What is needed is the exact text of each line in the listing below from the one with "Vishmi Gunaratne WODI" up to and including the one with "Ronseal Perfect Finish", and no pictures.

* [Excerpted records]
'''
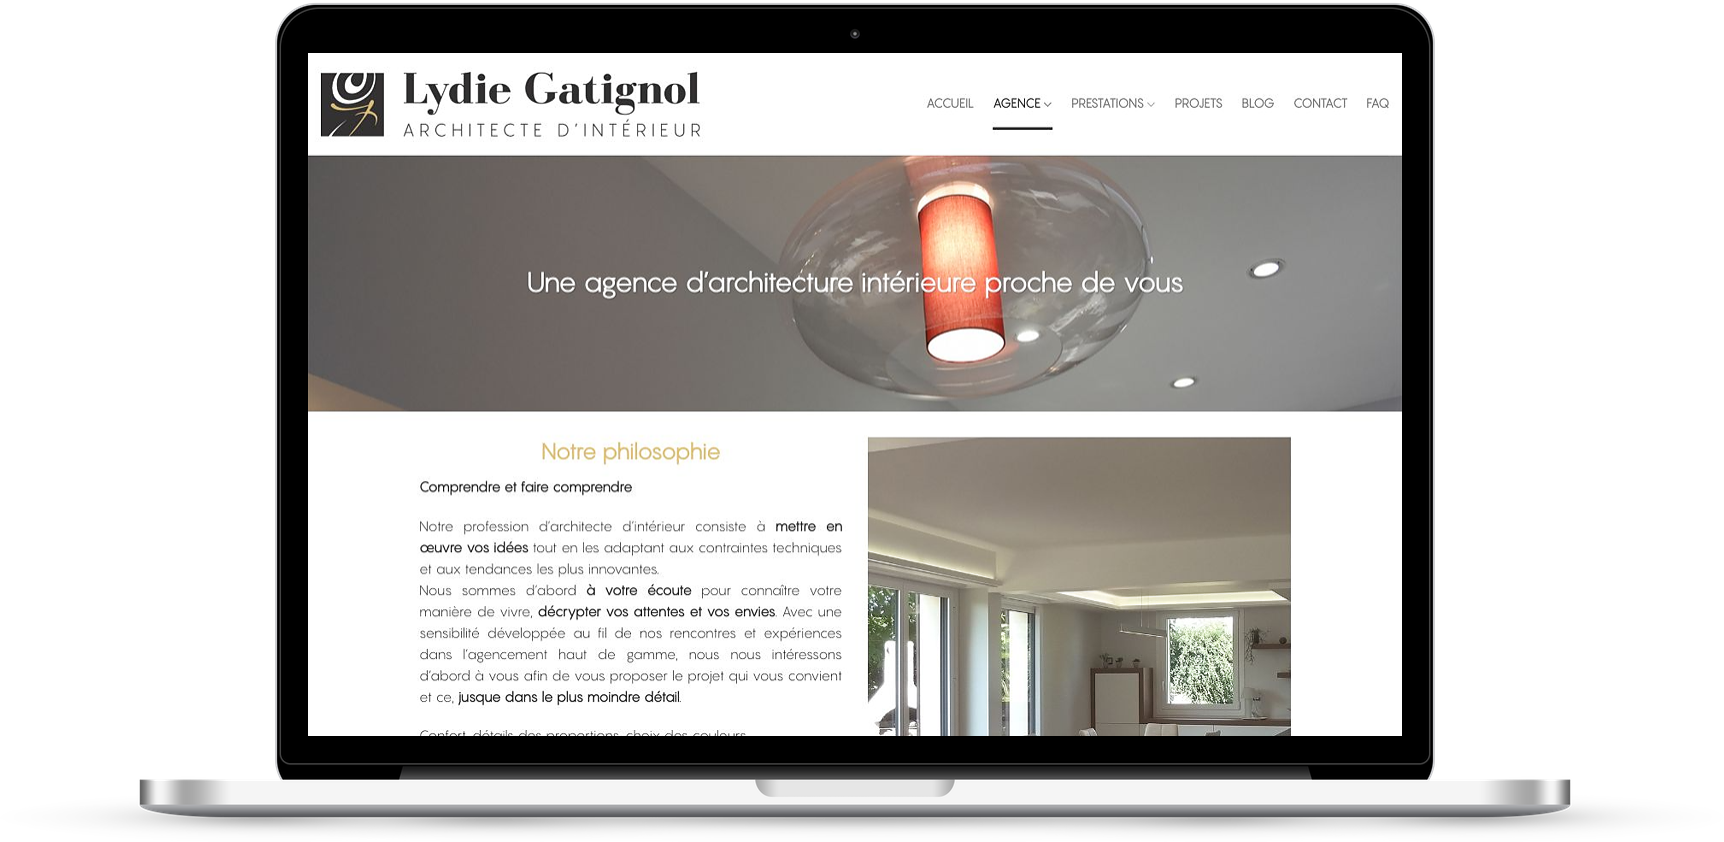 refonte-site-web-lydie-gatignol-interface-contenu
'''
'''
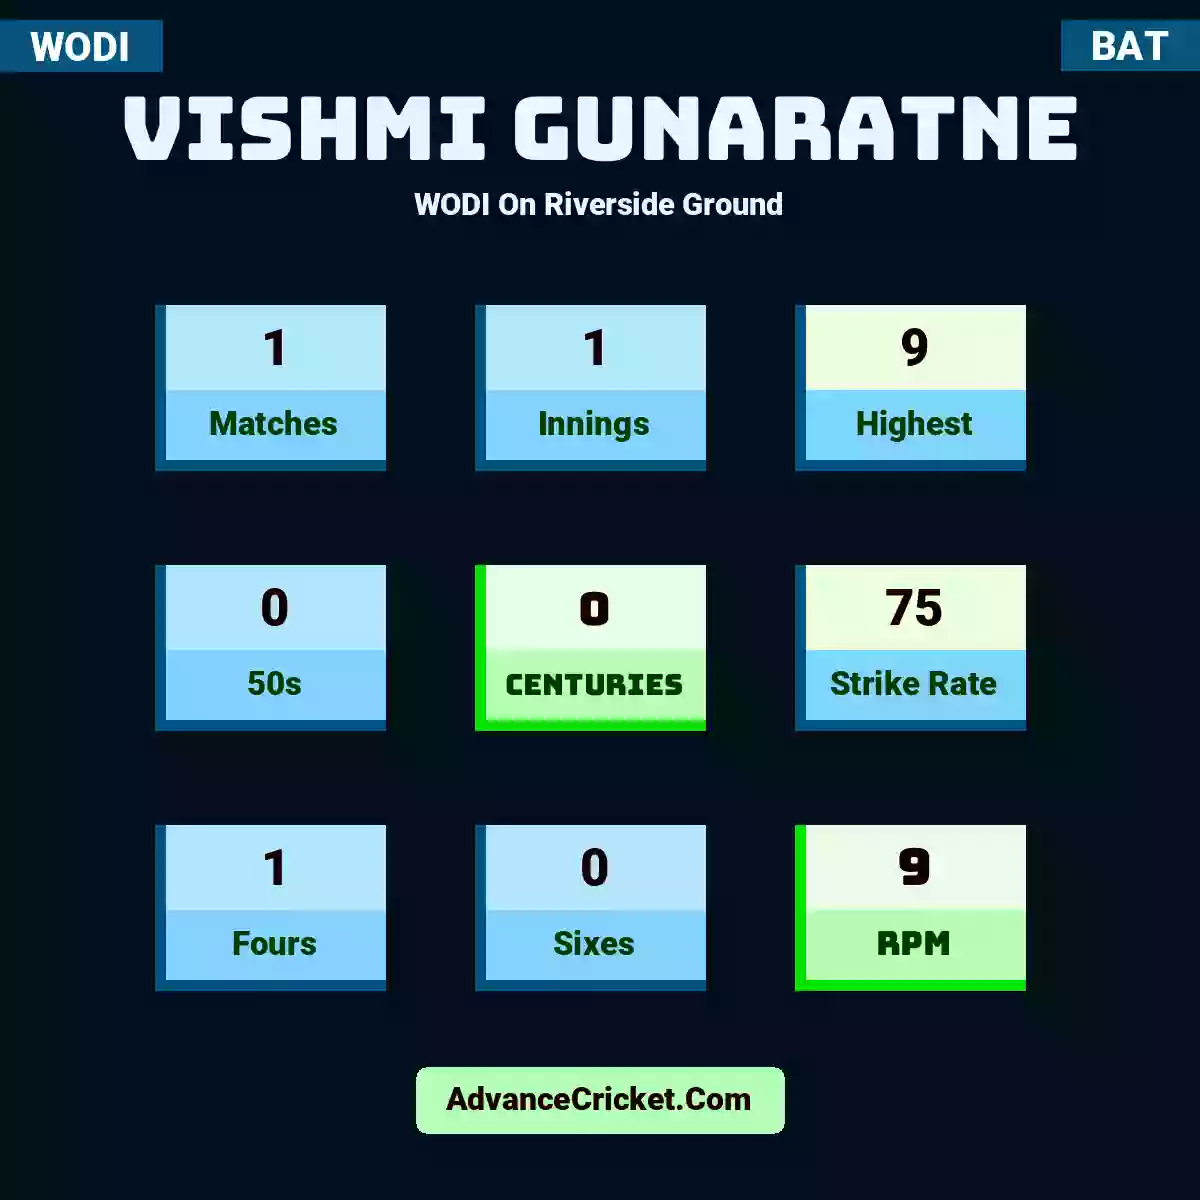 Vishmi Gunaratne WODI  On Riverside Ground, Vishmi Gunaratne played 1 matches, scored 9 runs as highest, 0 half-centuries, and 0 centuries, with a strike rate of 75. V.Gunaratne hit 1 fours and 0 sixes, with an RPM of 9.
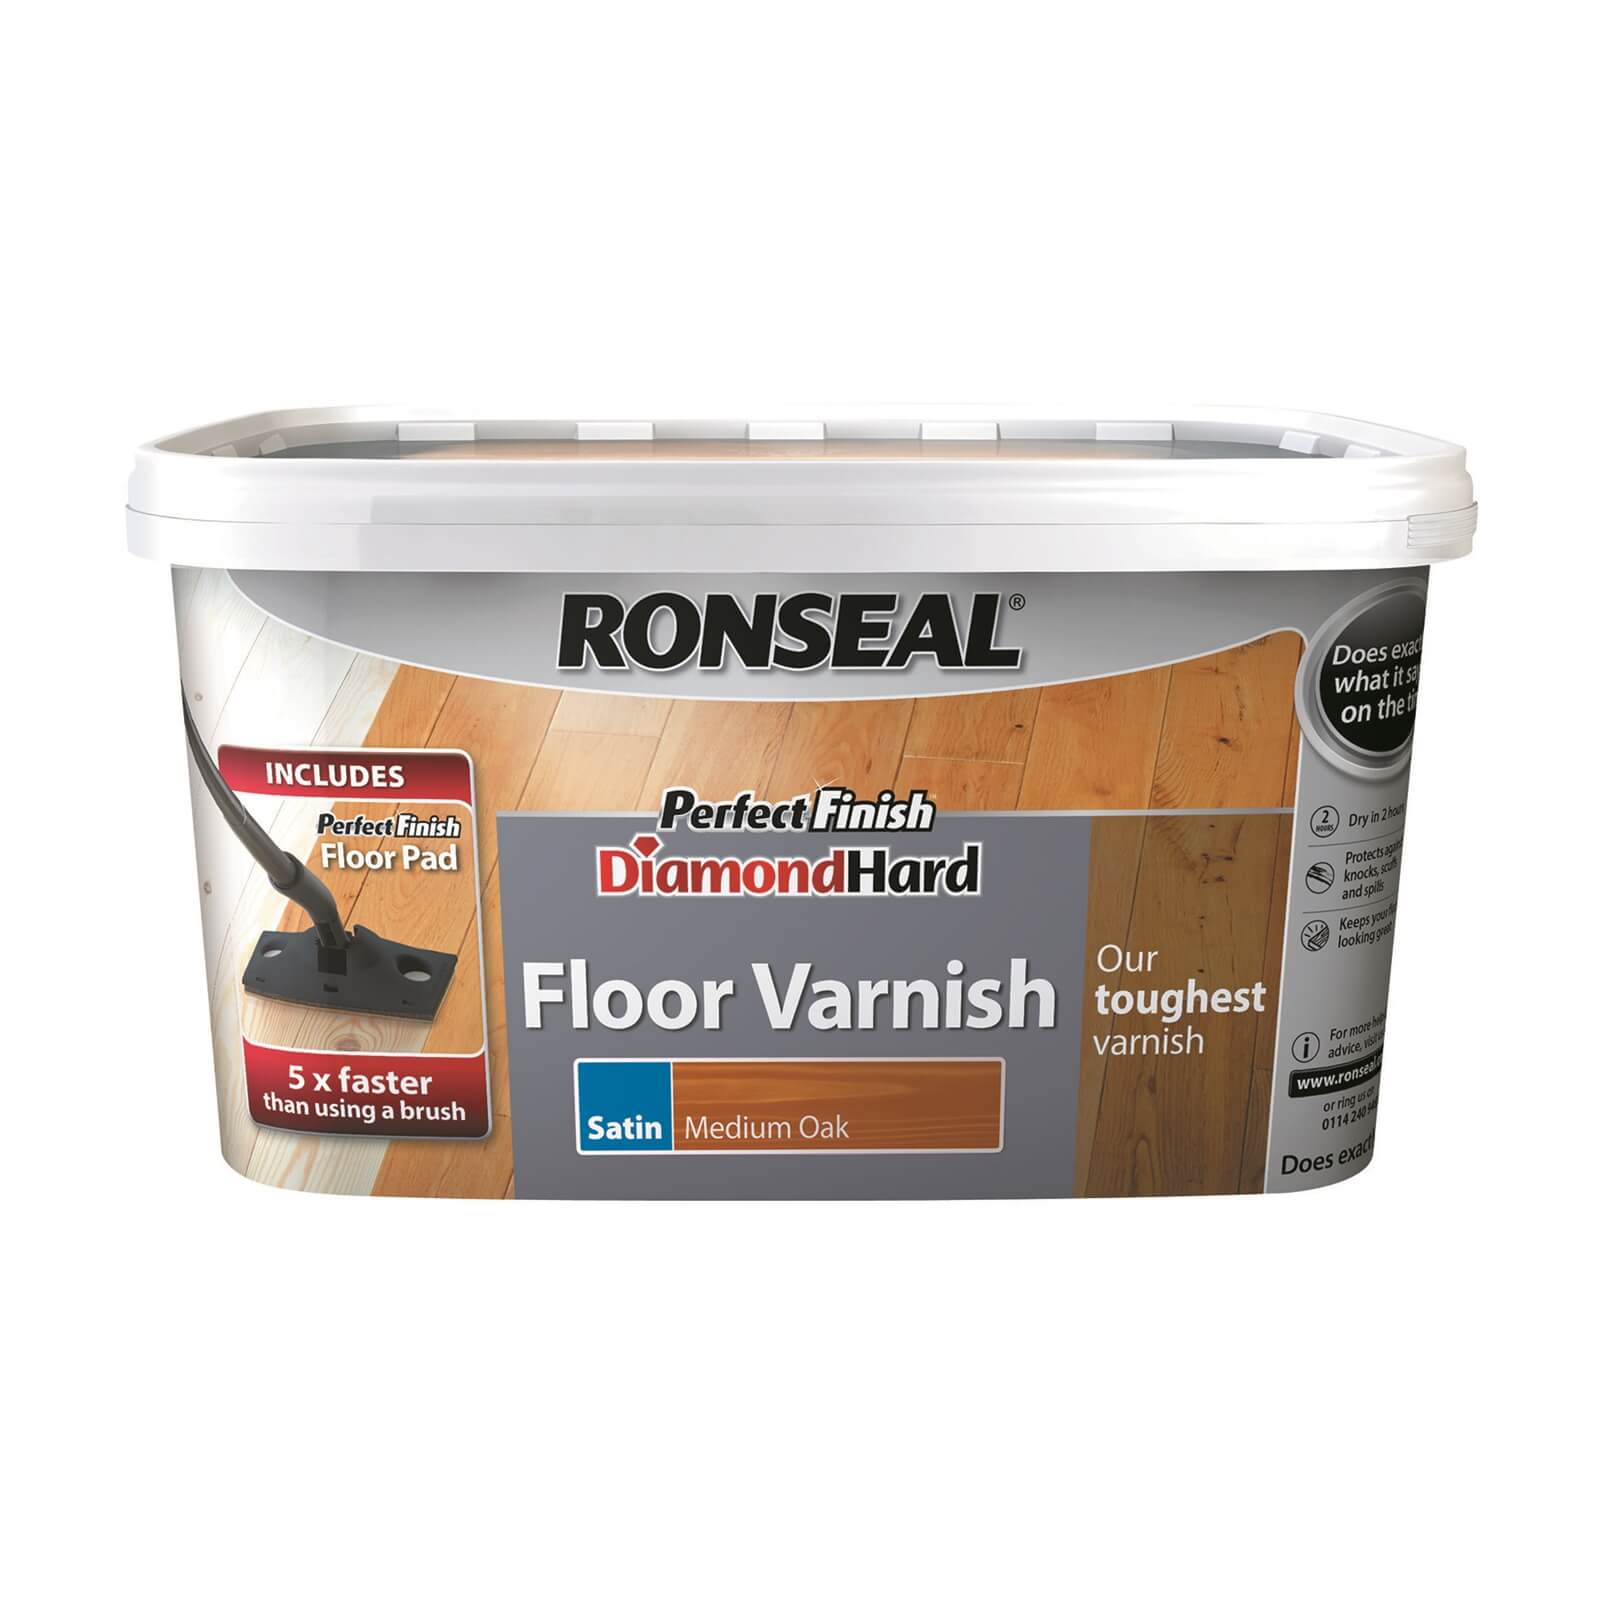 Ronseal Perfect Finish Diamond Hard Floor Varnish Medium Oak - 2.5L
'''
'''
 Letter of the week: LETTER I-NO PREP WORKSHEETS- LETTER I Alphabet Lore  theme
'''
* [Exercise result]
 Vishmi Gunaratne WODI  On Riverside Ground, Vishmi Gunaratne played 1 matches, scored 9 runs as highest, 0 half-centuries, and 0 centuries, with a strike rate of 75. V.Gunaratne hit 1 fours and 0 sixes, with an RPM of 9.
 Ronseal Perfect Finish Diamond Hard Floor Varnish Medium Oak - 2.5L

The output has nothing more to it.